Exact copy, no pictures: return only the lines below from the line with "Baggy Shorts Coogi" up to and including the line with "Diego Moz - Retro".

→ Supplied records
● ● ●
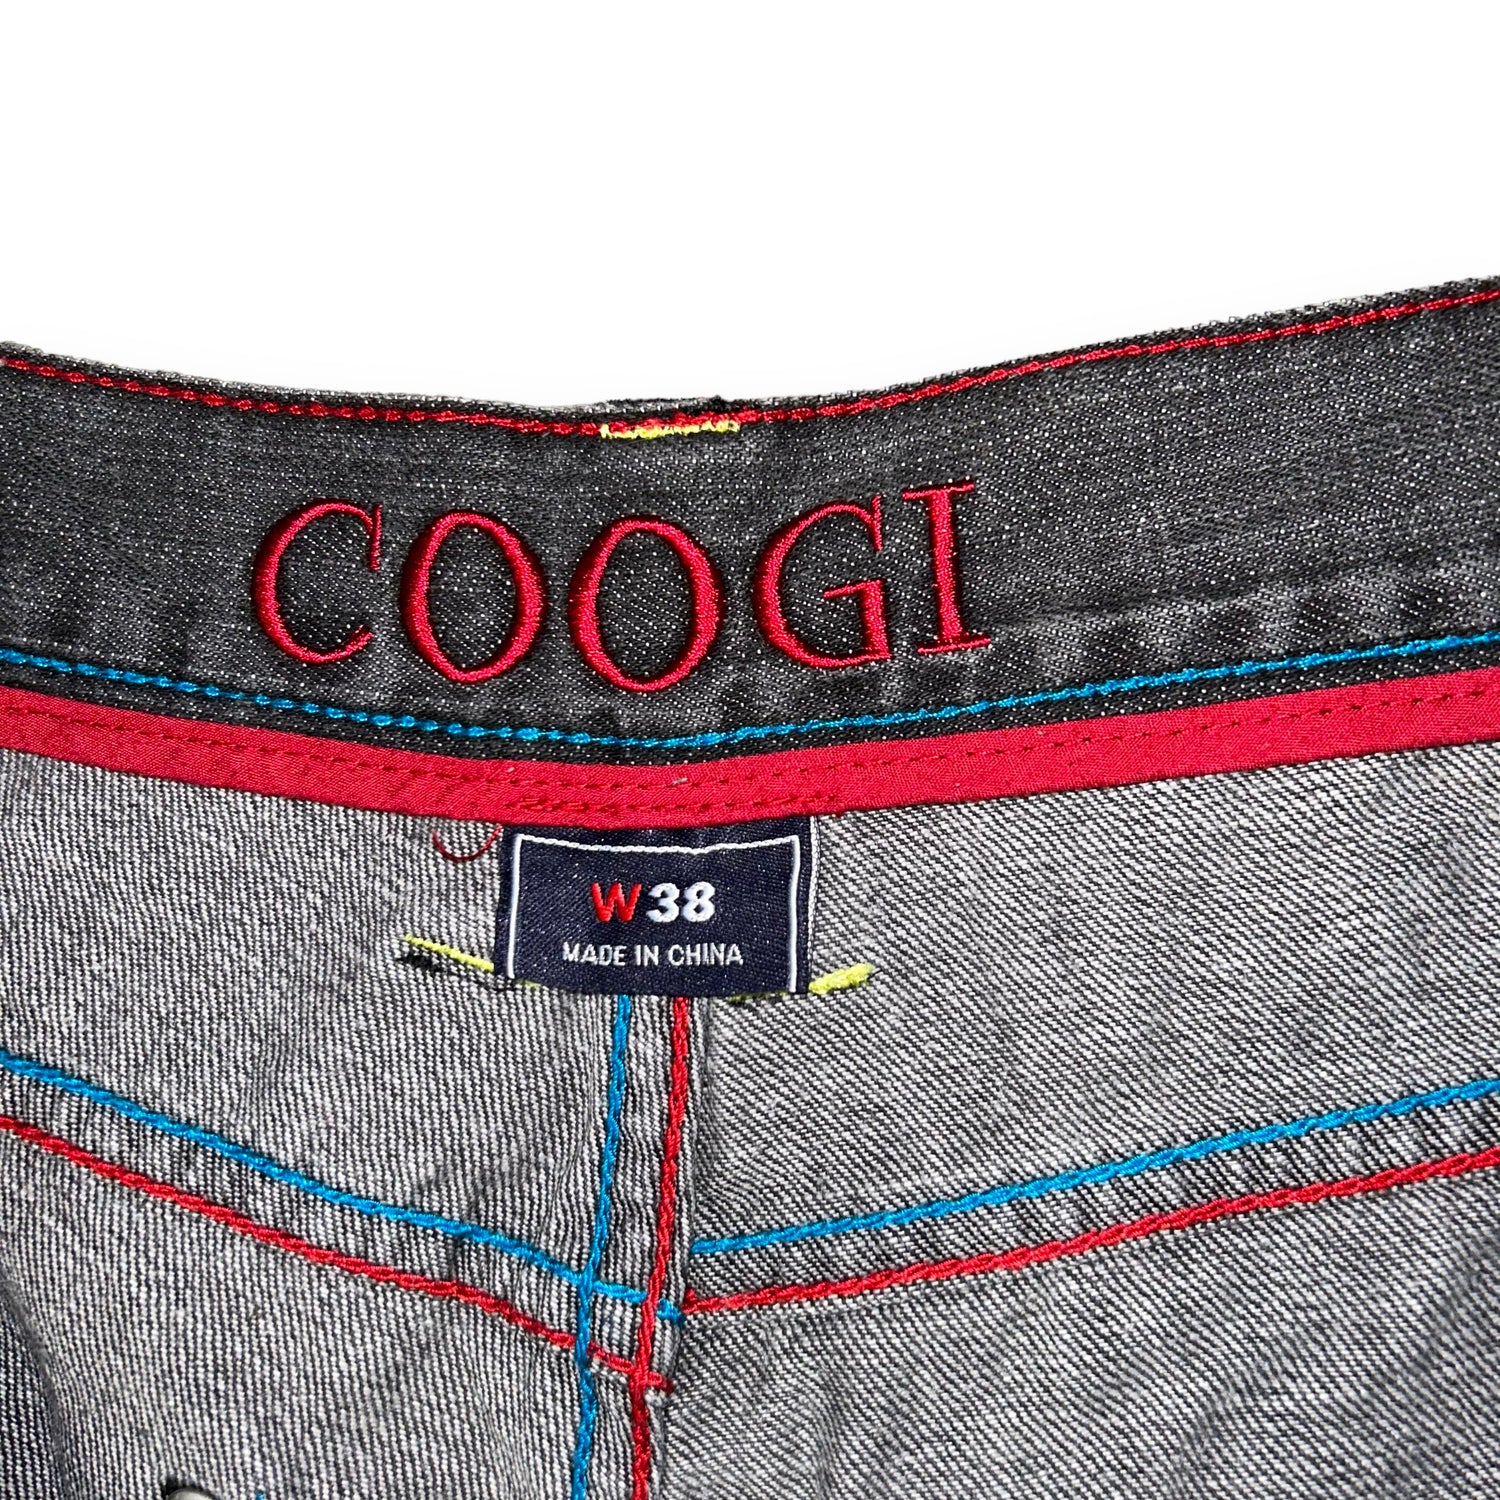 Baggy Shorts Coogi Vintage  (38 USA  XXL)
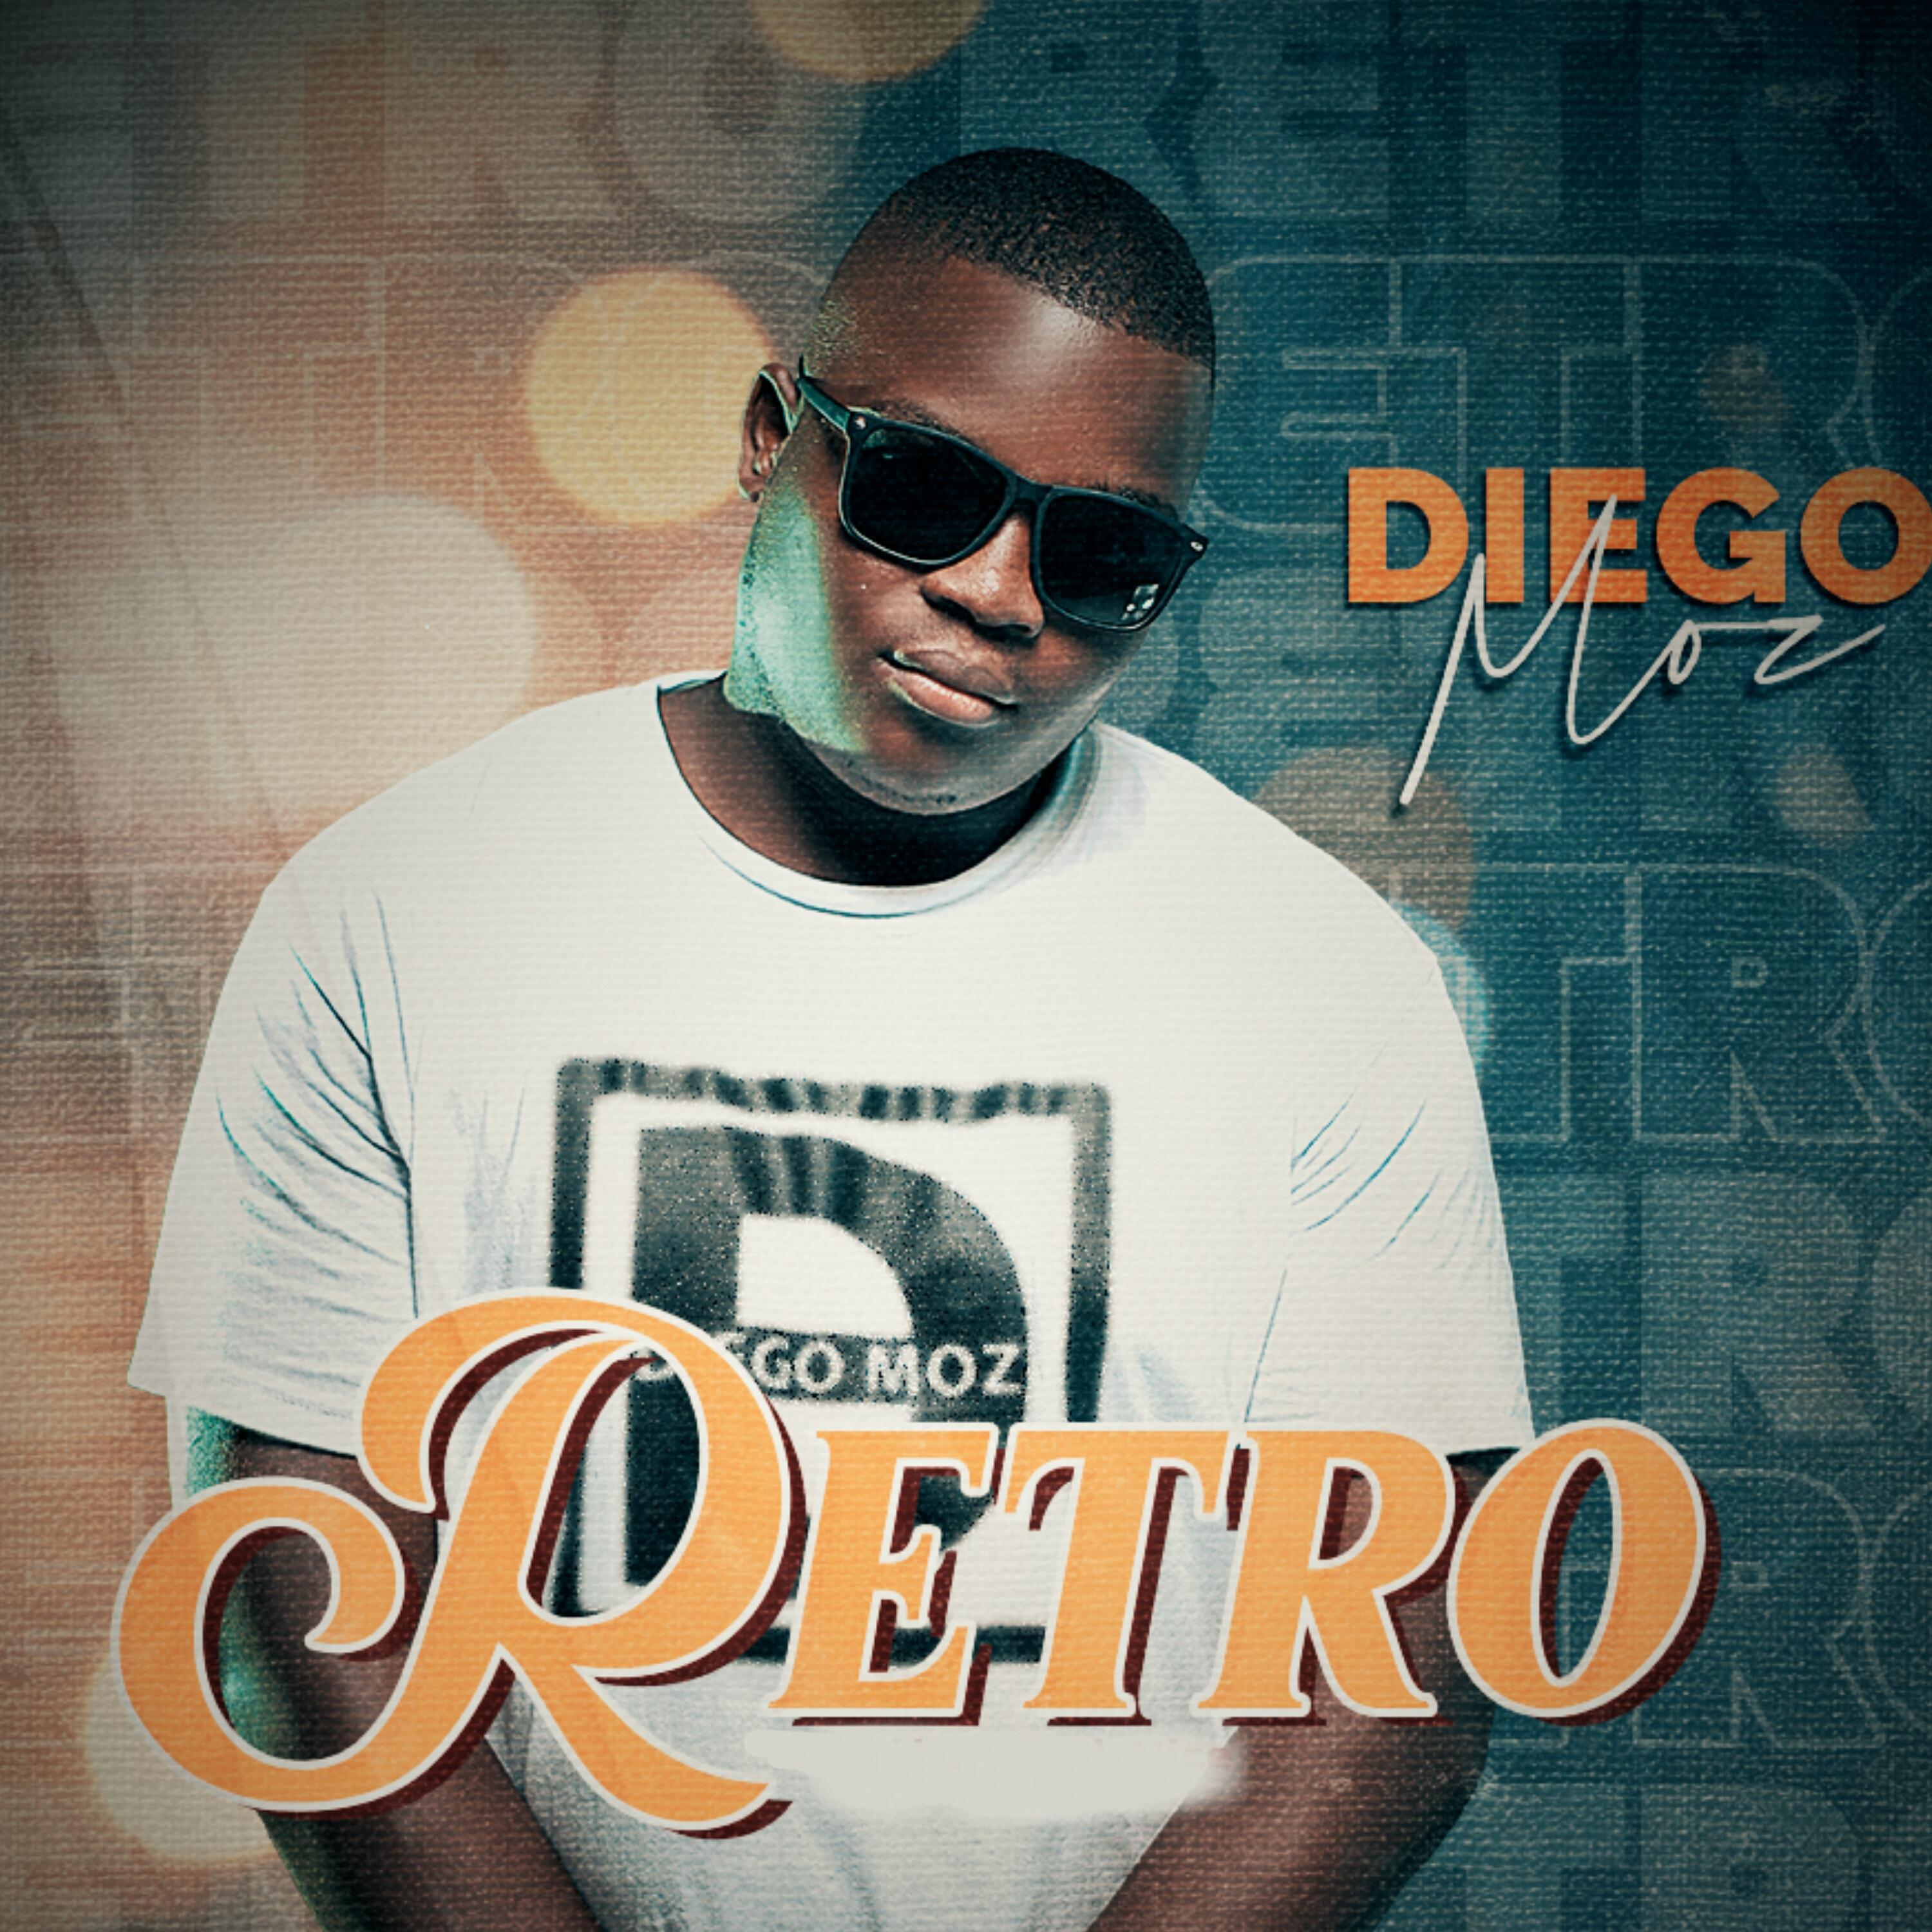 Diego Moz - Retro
● ● ●
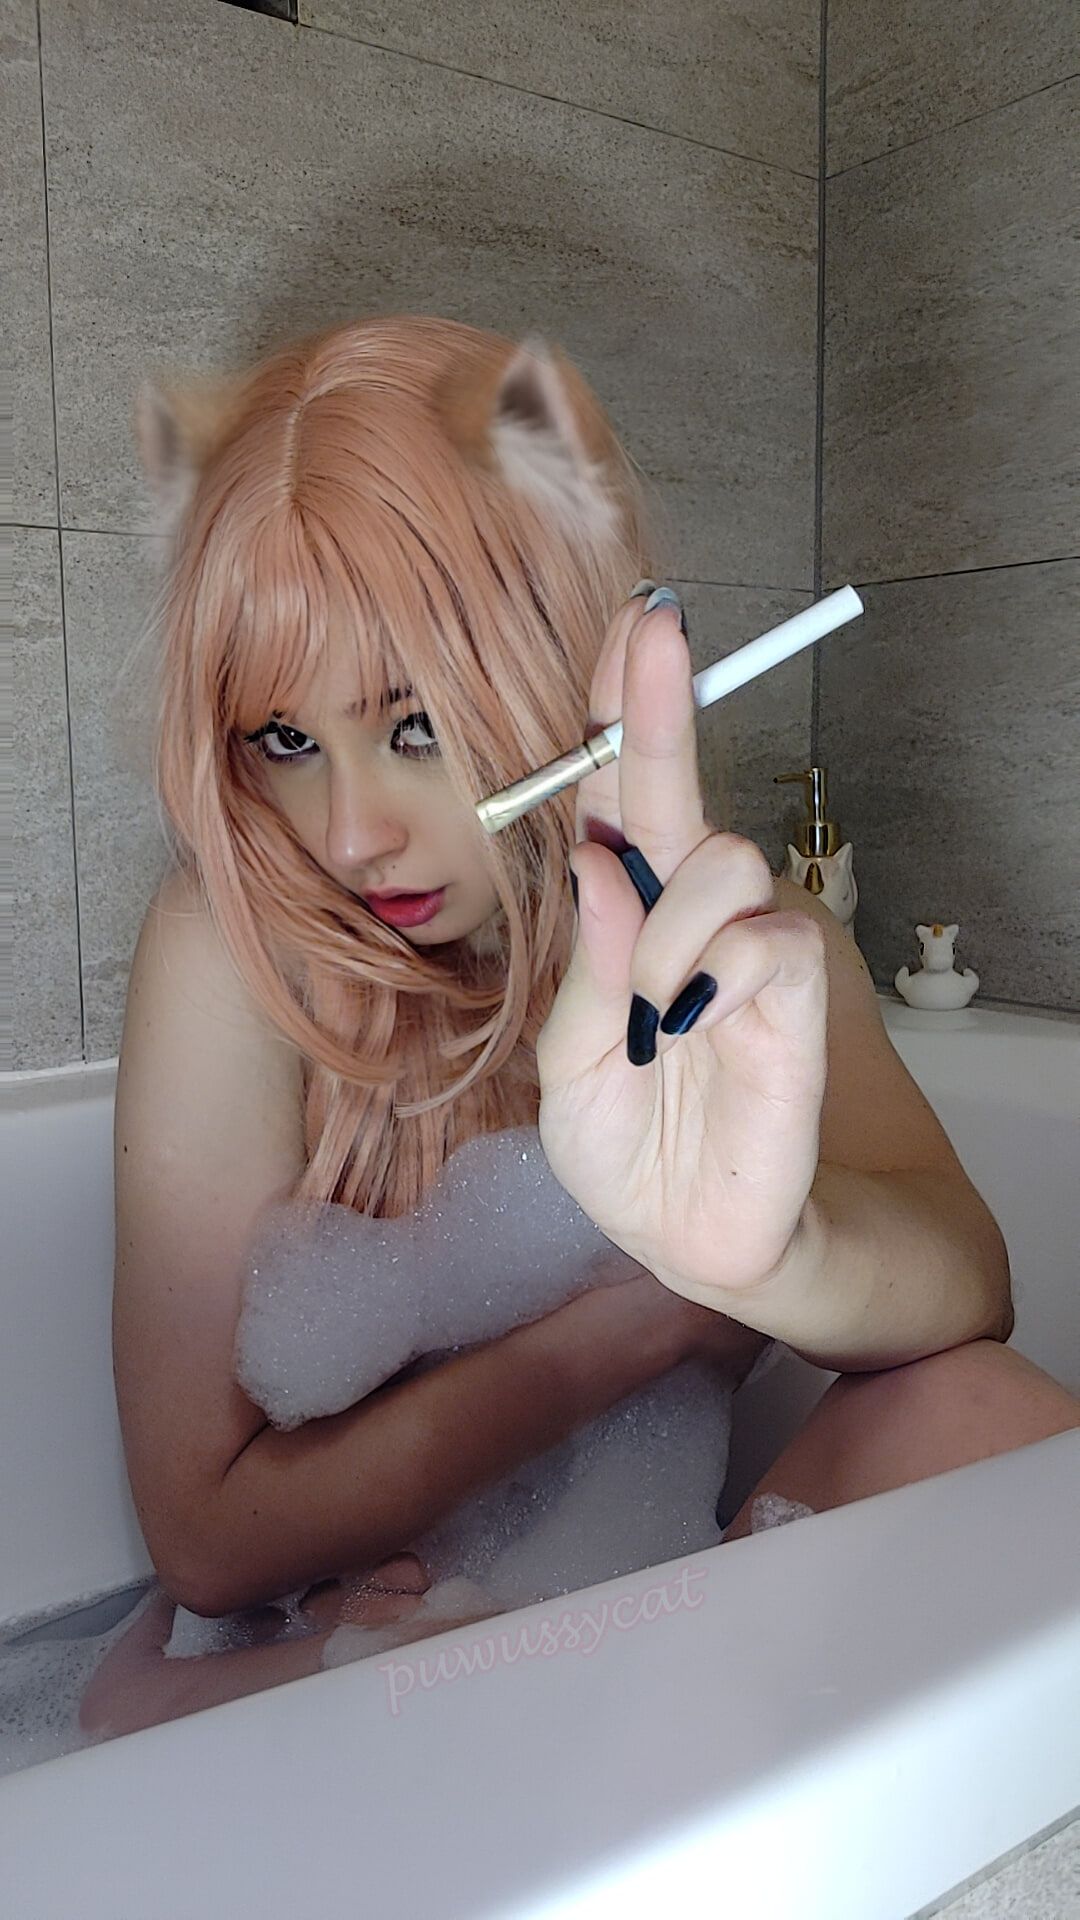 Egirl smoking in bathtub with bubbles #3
● ● ●
→ Exercise output
 Baggy Shorts Coogi Vintage  (38 USA  XXL)
 Diego Moz - Retro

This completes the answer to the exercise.